Um pouco de perspectiva é sempre bom. Se olharmos as temporadas das últimas duas décadas, é inegável a maior atenção dada a cantores brasileiros. Isso se deveu, primeiro, a eventos como o Festival Amazonas de Ópera e à atuação de orquestras como a Experimental de Repertório, que inverteram a lógica na montagem das temporadas ao escolher os títulos a partir dos talentos disponíveis e, assim, ampliaram o mercado para brasileiros. Além disso, cresceu o número de espetáculos e isso permitiu aos cantores maior aperfeiçoamento e, consequentemente, voos mais audaciosos em termos de repertório - um círculo bem-vindo e desejável, sempre.
Mas, isso, obviamente, não quer dizer que vivemos o melhor dos mundos. Não - em especial porque, por mais que tenha crescido o número de espetáculos, eles ainda são poucos para abarcar o contingente de artistas que se forma a cada temporada. Além disso, faltam espaços - teatros - fora do circuito das grandes casas, em que cantores possam terminar sua formação, desenvolver experiência de palco e formar um repertório - nesse sentido, é muito importante um projeto como o Ópera Curta, que tem dado espaço a jovens artistas ao mesmo tempo em que se dedica a formar novas plateias.

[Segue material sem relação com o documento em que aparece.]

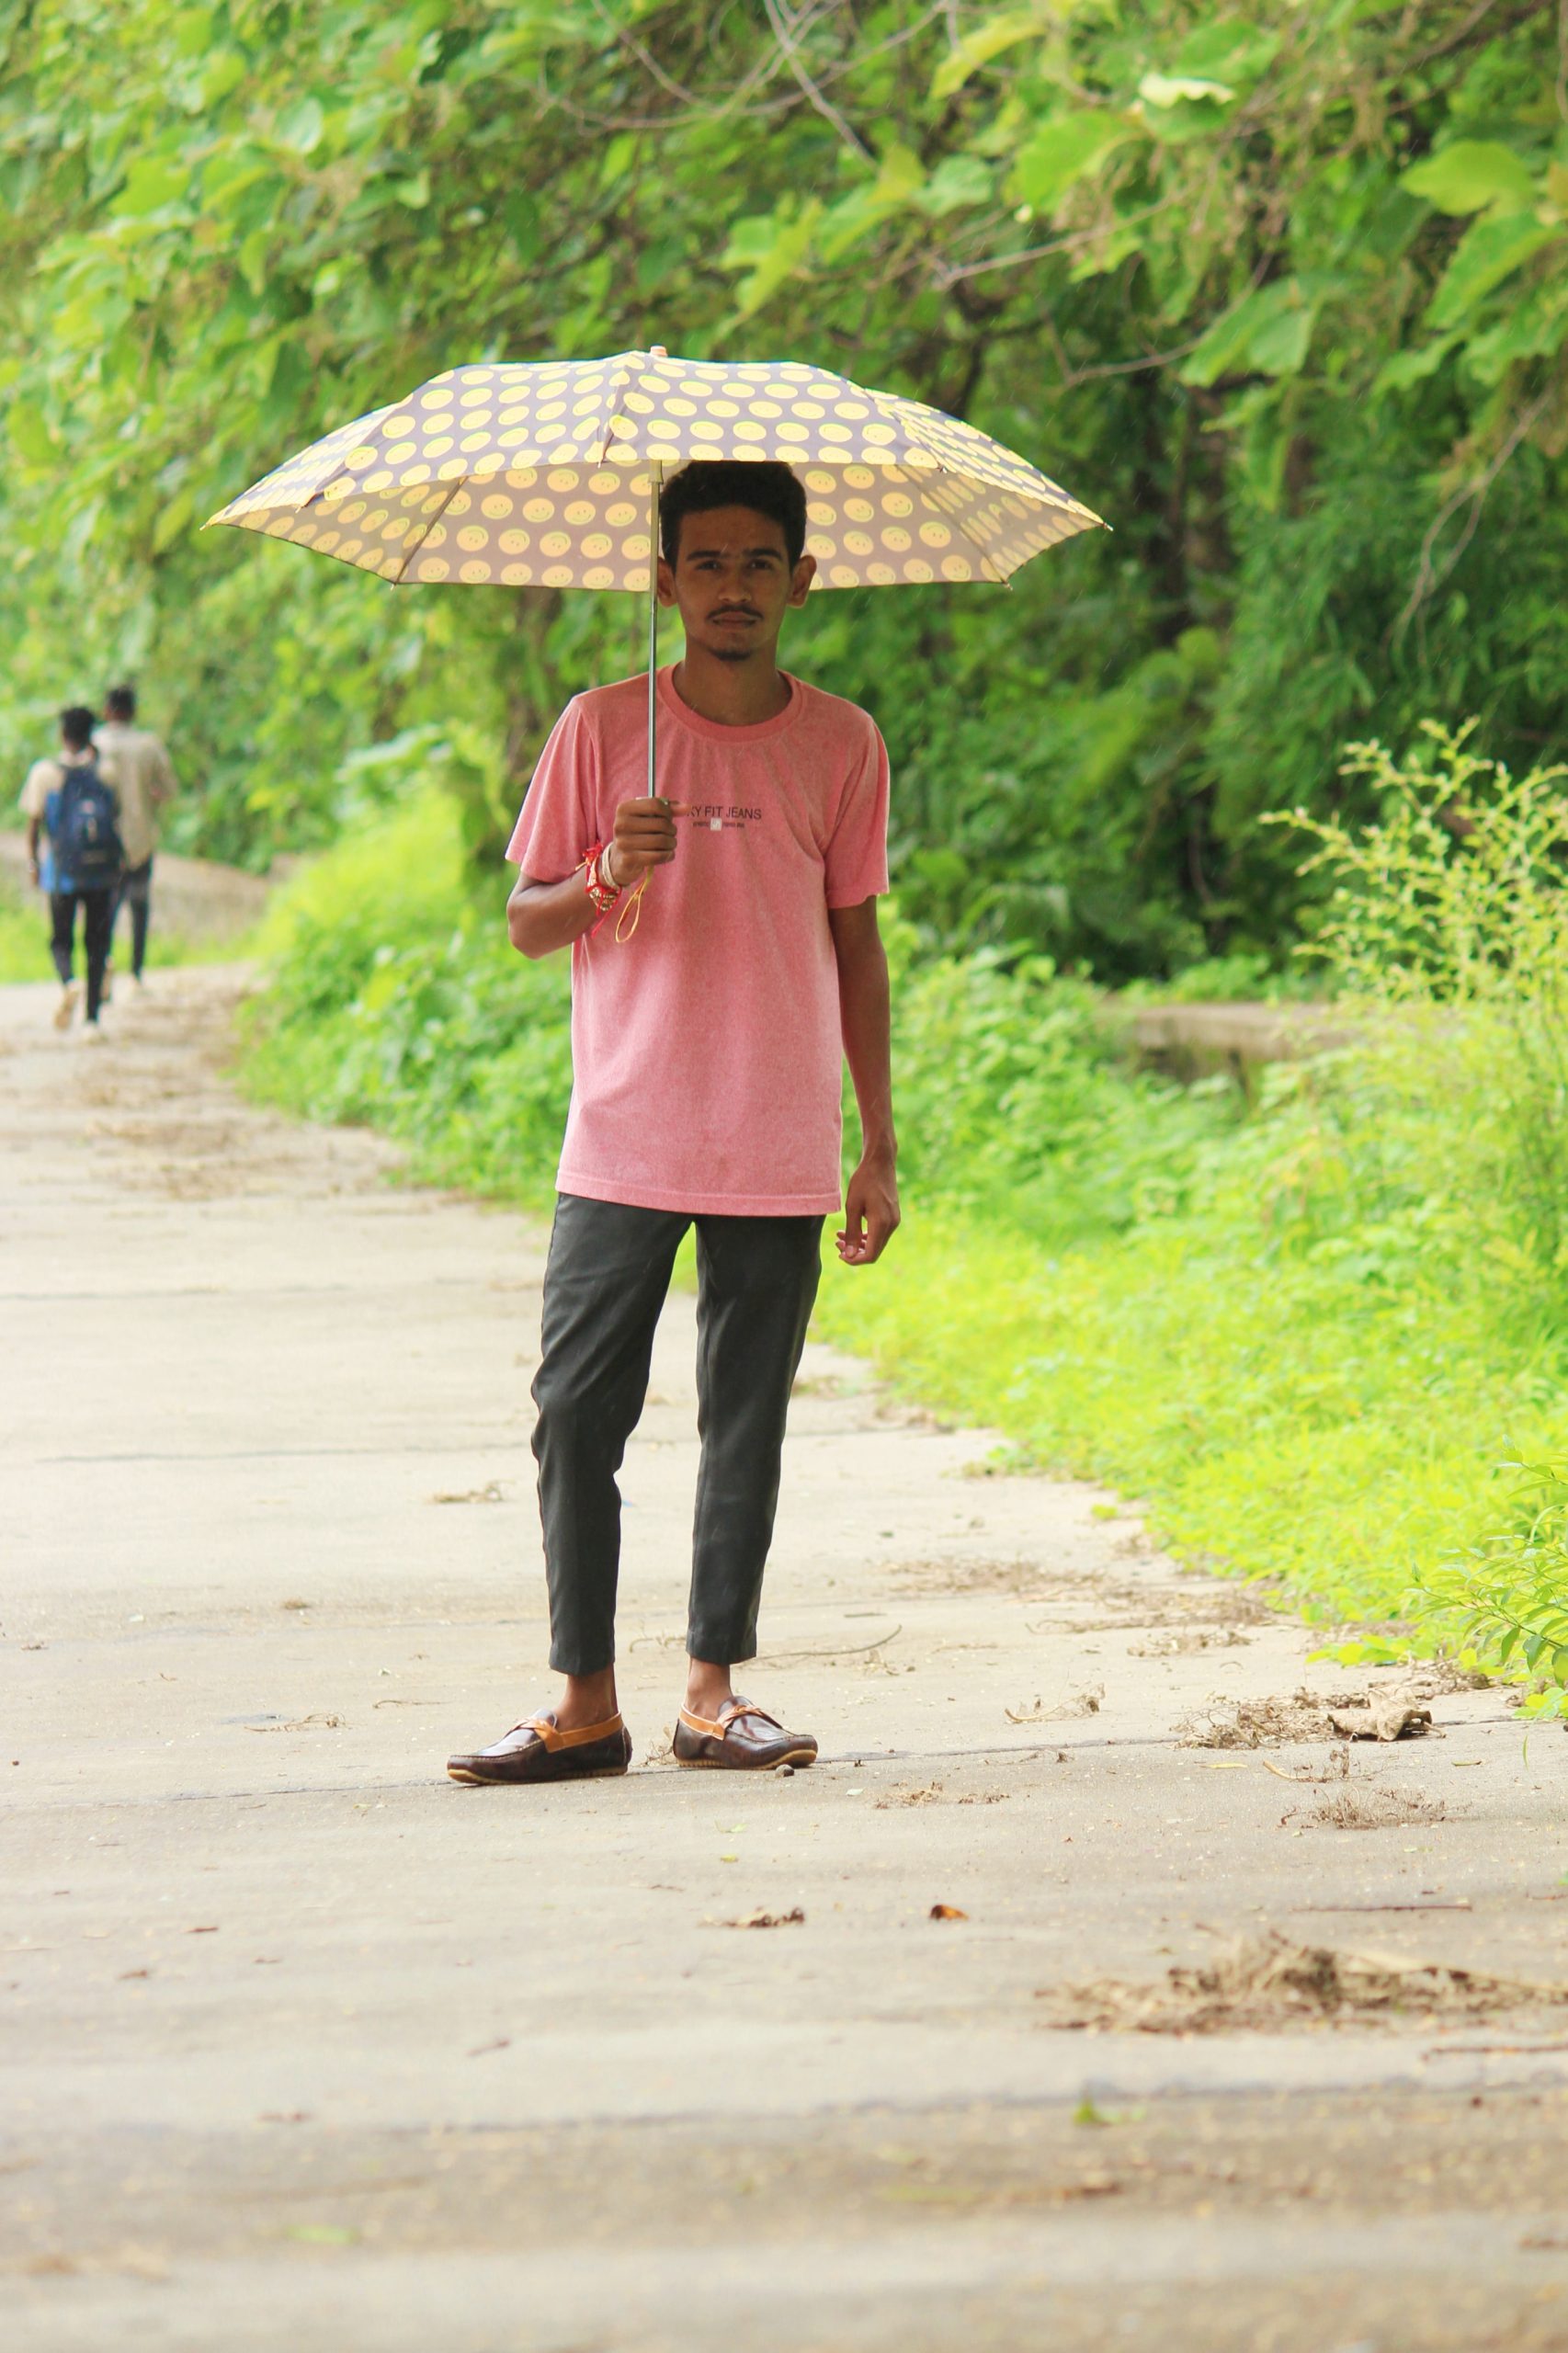 A boy with an umbrella

Nunca é demais reforçar que a reivindicação dos artistas é válida e que este é um tema importante, do qual os diretores de nossos principais teatros não podem fugir. E, nesse sentido, a movimentação atual é importante justamente por trazer essa questão à tona. Ao mesmo tempo, porém, lendo o Manifesto pelo Artista Nacional que apresenta o abaixo-assinado, me ocorreram algumas questões. Faz sentido identificar um partido político como responsável por uma questão antiga e que já dura diversas gestões? Ou estamos politizando uma questão que nada tem de partidária? Em vez de exigir uma cota para artistas brasileiros, não seria mais interessante pedir, em todas as esferas estatais, políticas de investimento que ampliem o mercado brasileiro de ópera e, assim, deem chance a um número maior de artistas? Como nos comportaríamos se solistas brasileiros que hoje desenvolvem carreiras de sucesso mundo afora fossem mandados de volta ao Brasil em nome da defesa dos artistas locais? A história mostra que proibições e restrições não apenas não resolvem problemas pontuais como podem criar vícios que cobram preços altos no médio e no longo prazo. E, afinal, quando se individualiza um problema, a solução para ele dificilmente terá cores mais amplas, que levem a transformações de fato duradouras no cenário artístico.
A atividade operística, no Brasil, costuma infelizmente ficar à margem dos grandes debates - e que exista algum tipo de mobilização já é um dado novo e sem dúvida importante. Além disso, momentos como esse, é o que a gente espera, podem levar a transformações - e uma delas bem que poderia ser o fortalecimento de uma classe artística conhecida pela sua desarticulação. Mas, e disso nunca podemos nos esquecer, podem também levar a posturas redutoras, preconceituosas e nada democráticas. Algo importante e duradouro pode surgir desse debate. Seria uma pena jogá-lo fora.